The stock markets in the United States extended gains today driven by the continued recovery of equities in the energy sector, which suffered a selloff in August. The energy companies recovered approximately 23% of stock value, but the sector is still down around 10% year-to-date.
In an interview with Bloomberg, Michael Antonelli, an institutional equity sales trader at Robert W. Baird & Co. said, “When you see energy and cyclicals continue to rally like this it’s because they’re under-owned sectors. They’re the sectors that were left for dead. When you get these pain-trade rallies like we’re seeing right now, those are the sectors that people go to because they’re under-owned.”
Eric Wiegand, a senior portfolio manager at US Bank Wealth Management, commented, “I think there has been a real desire on the part of some investors to take advantage of depressed valuations.”
Investors are focusing their attention on corporate earnings and transactions while evaluating whether the stock market rebound is the beginning of market rally until the end of the year.
[drizzle]In general, U.S. companies reported better-than-expected quarterly financial results this earnings season. Seventy percent (70%) of the 379 S&P companies (that already released financial results) posted earnings that beat consensus estimates.

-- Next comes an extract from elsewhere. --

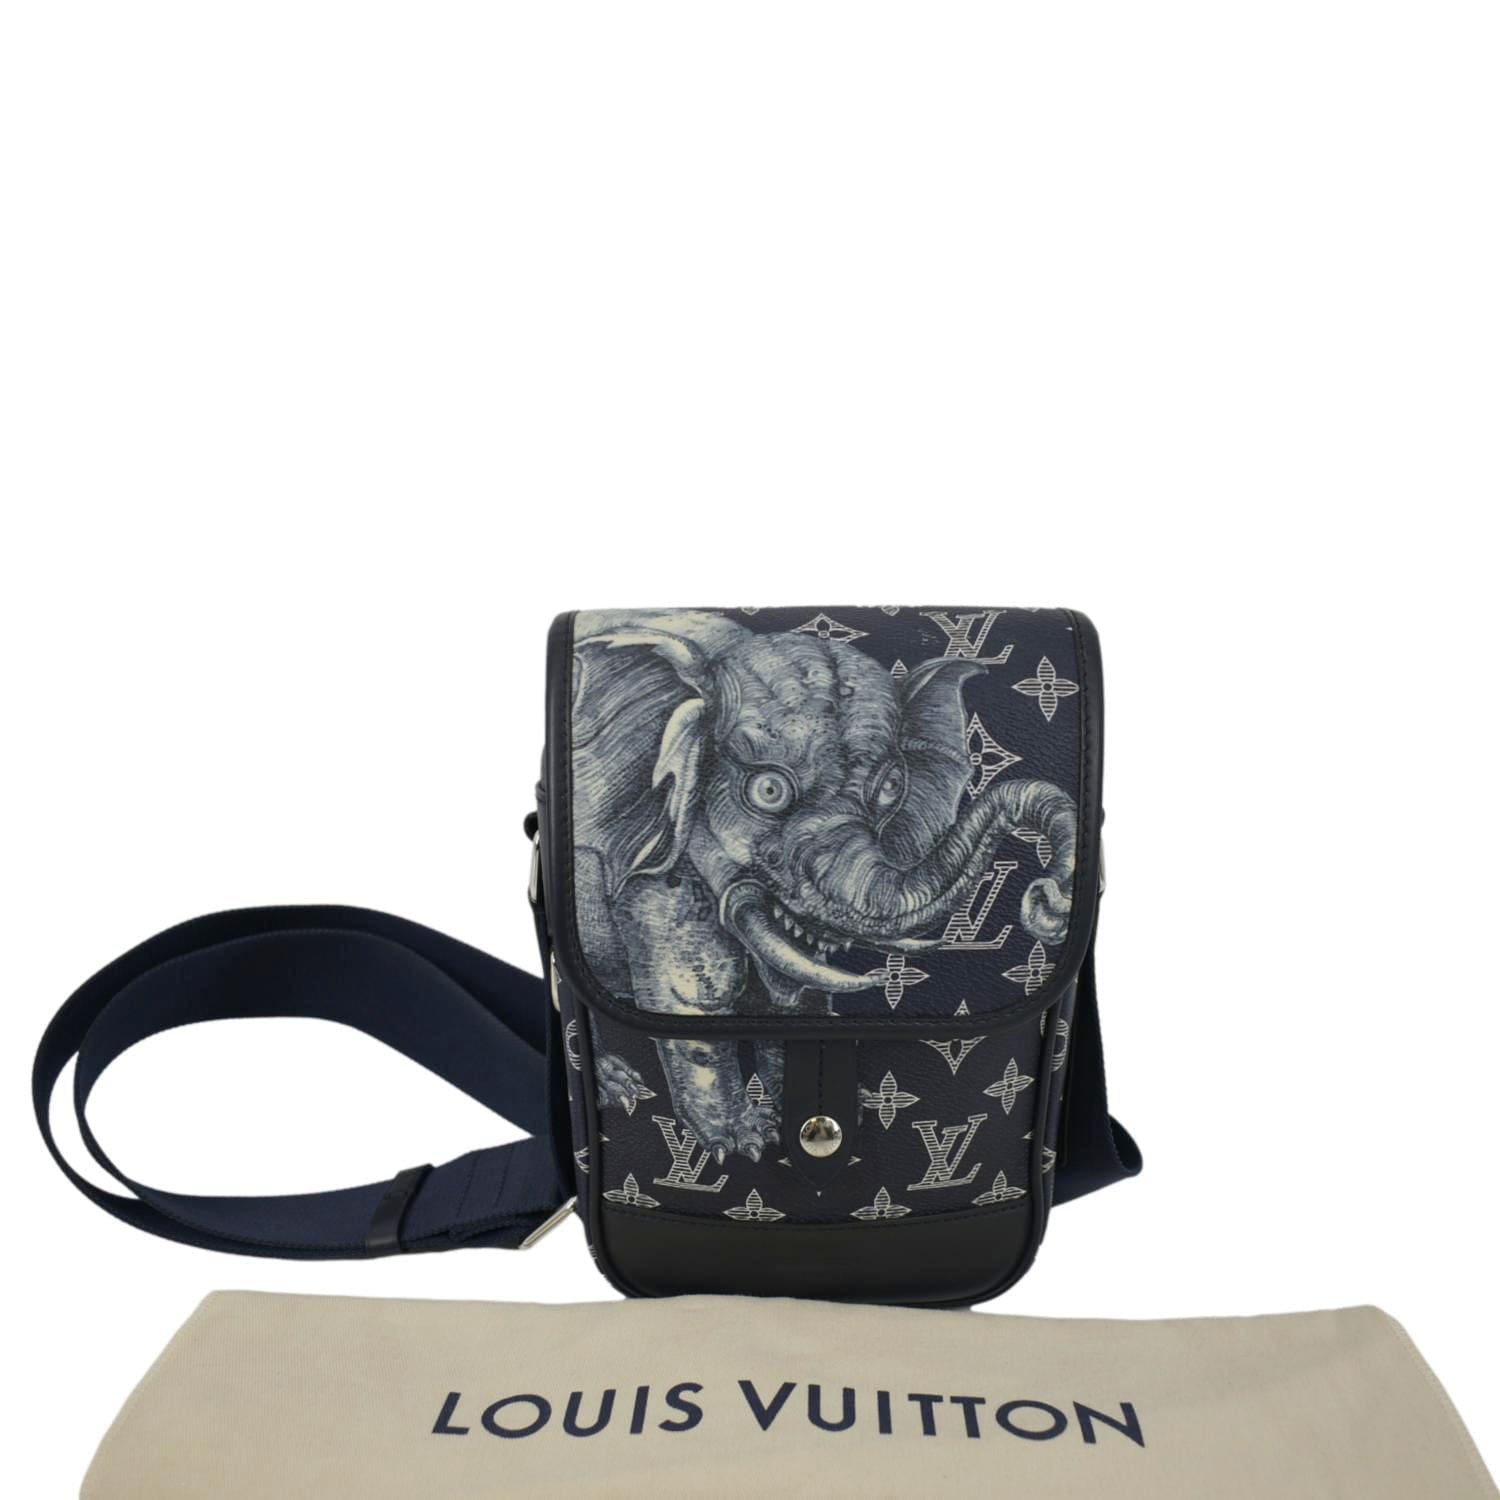 Man with blue leather Louis Vuitton backpack with elephant before

Bill Schultz, chief investment officer at McQueen, Ball & Associates, told Bloomberg, “We’re back to where we were before that downturn took place, with reasonable earnings, modest growth and low-interest rates. That’s a backdrop that’s allowing upward momentum to re-enter the market. All of the fears built into the market in August and September haven’t come to fruition.”
- Dow Jones Industrial Average (DJIA) – 17, 918.62 (+0.50%)
- S&P 500- 2,109.78 (+0.27%)
- NASDAQ- 5,145.13 (+0.35%)
- Russell 2000- 1,192.11 (+0.51%)
- EURO STOXX 50 Price EUR- 3,442.68 (+0.24%)
- FTSE 100 Index- 6,383.61 (+0.34%)
- Deutsche Borse AG German Stock Index DAX- 10,951.15 (+0.00%)
- Nikkei 225- 18,683.24 (-2.10%)
- Hong Kong Hang Seng Index- 22,568.43 (+0.89%)
- Shanghai Shenzhen CSI 300 Index- 3,239.22 (+1.42%)
Stocks in Focus
Archer Daniels Midland declined more tha 6% to $43.15 per share. The company reported that its earnings and revenue declined for the quarter ended September 30. According to Archer Daniels Midland, its earnings dropped from $1.14 per share to $0.41 per share. Its revenue fell more than 8% to $16.57 billion.
The shares of Fitbit dropped more than 8% to $37.31 per share despite reporting strong quarterly financial results. The company’s stock was negatively impacted by its plan to offer additional shares.
The stock price of King Digital Entertainment surged more than 14% to $17.83 per share. The company agreed to be acquired by Activision Blizzard for $5.9 billion. The shares of Activision Blizzard also climbed more than 3% to $35.81 each.